At the same time, the apparent dearth of dermatologists in many U.S. markets demands an increase in the number of dermatology residency positions offered nationwide. Both pharmaceutical companies and the American Academy of Dermatology (AAD) are attempting to address this shortfall through grant programs now in pilot stages.
Such programs would be supplemented, rather than replaced, by Dr. Scheinfeld's proposition. To gauge its acceptance rate, he has surveyed approximately 30 dermatology applicants, to date, on the subject.
"Almost all of them have said that if they had to pay tuition to be a dermatology resident, they would prefer doing that rather than being paid a salary in some other specialty if they were faced with that choice," he says.
"In addition, about 75 percent of the people who are applying say they really think of dermatology residents as being more students than physicians. This is an important point to highlight, in that if one views residents as physicians who are providing a service, then salaries are in order. But if one sees dermatology residents as being more of students who are being guided in their education, then a tuition-based system makes more sense."
Proposal barrier One barrier that such a proposal ultimately would need to surmount is the Accreditation Council for Graduate Medical Education's (ACGME) requirement that residents receive salaries, a point that the handful of colleagues to whom Dr. Scheinfeld has vetted his idea are quick to note.
"But the ACGME is not providing a mechanism whereby academic dermatology can fund itself. Additionally, 75 percent to 80 percent of our applicants said that they found pharmaceutical companies' funding of additional residency slots to be problematic, probably due to concerns for conflicts of interest."
Conflicts of interest won't be a factor under the AAD's initiative, which pools contributions so no single donor can be identified as the sponsor of a particular grant.
"But it's hard to provide a high-quality, well-rounded education for the amounts of money that are available," Dr. Scheinfeld says.
"In academic departments, one's salary is driven more and more by how much money one generates through clinical practice. But there has to be a way money is designated for teaching, and perhaps the source will be having applicants finance it themselves."
Further impetus for such a proposal stems from the possibility that the federal government might cap Medicaid payments at a flat per-state figure that fails to take states' populations into account, a possibility the President currently is exploring.

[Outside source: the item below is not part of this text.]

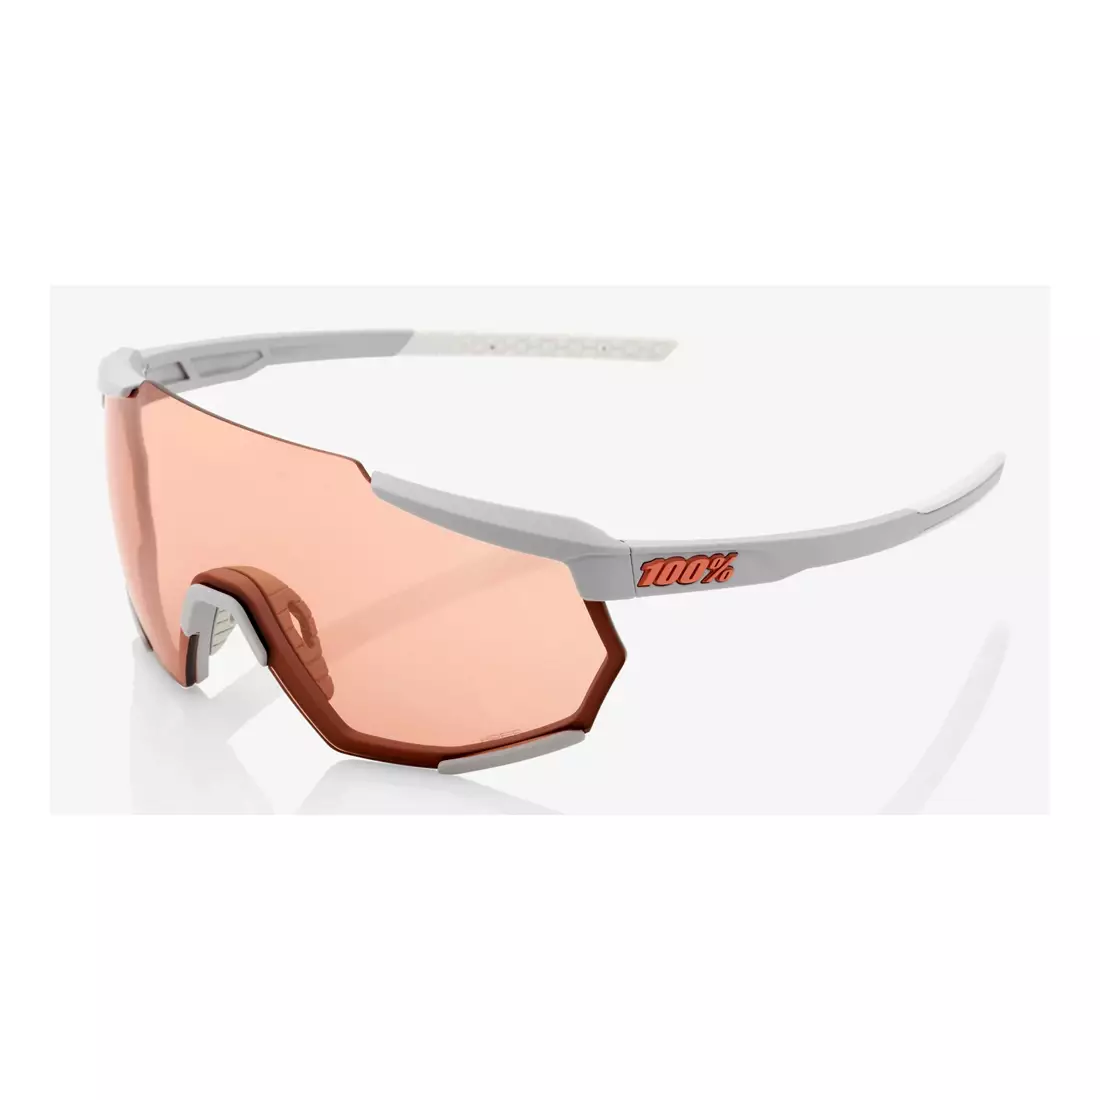 100% sportovní brýle RACETRAP (korálové sklo, LT 52% + průhledné sklo, LT 93%) soft tact stone grey STO-61037-289-79
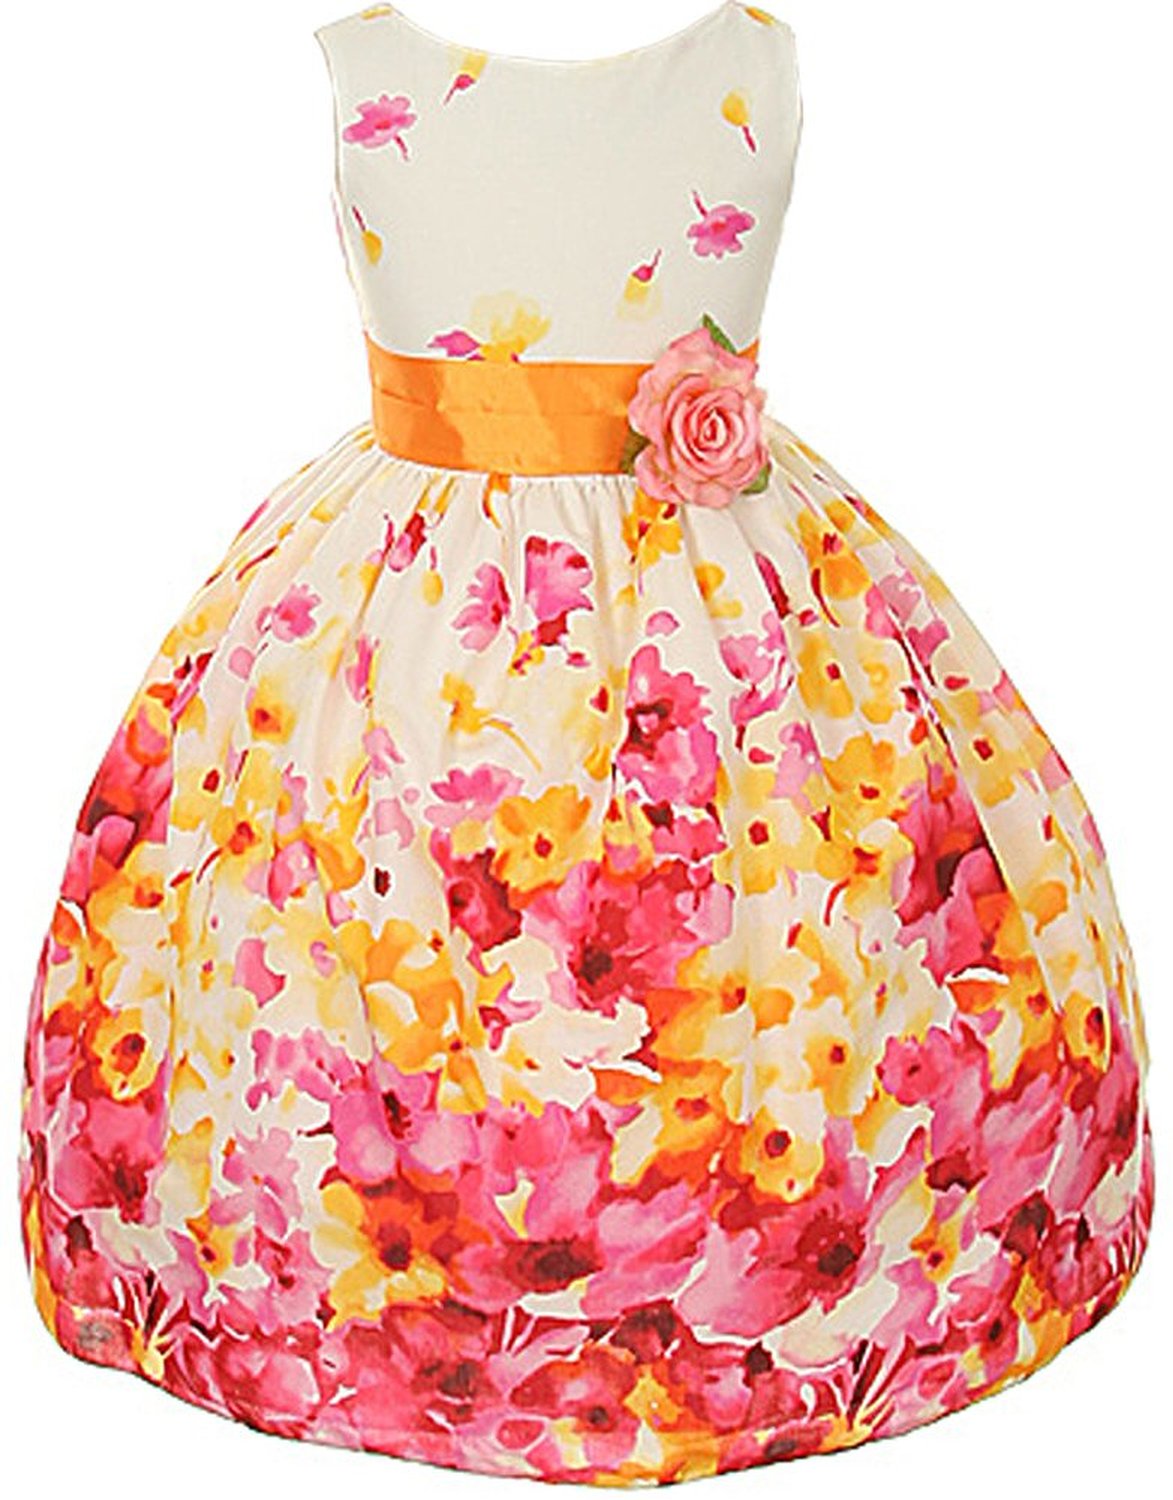 cute easter dresses for girls

"This is going to put additional pressure on academic medicine, so we really need to open up all funding sources. In light of the fact that so many academic positions are open, and that hard research money and academic salaries are lagging behind what's available in the private sector, we must be creative in the way we approach funding," he says.
Going forward, he plans to gather more data to determine if enough applicants would accept his proposal before addressing legal issues such as the one posed by the ACGME.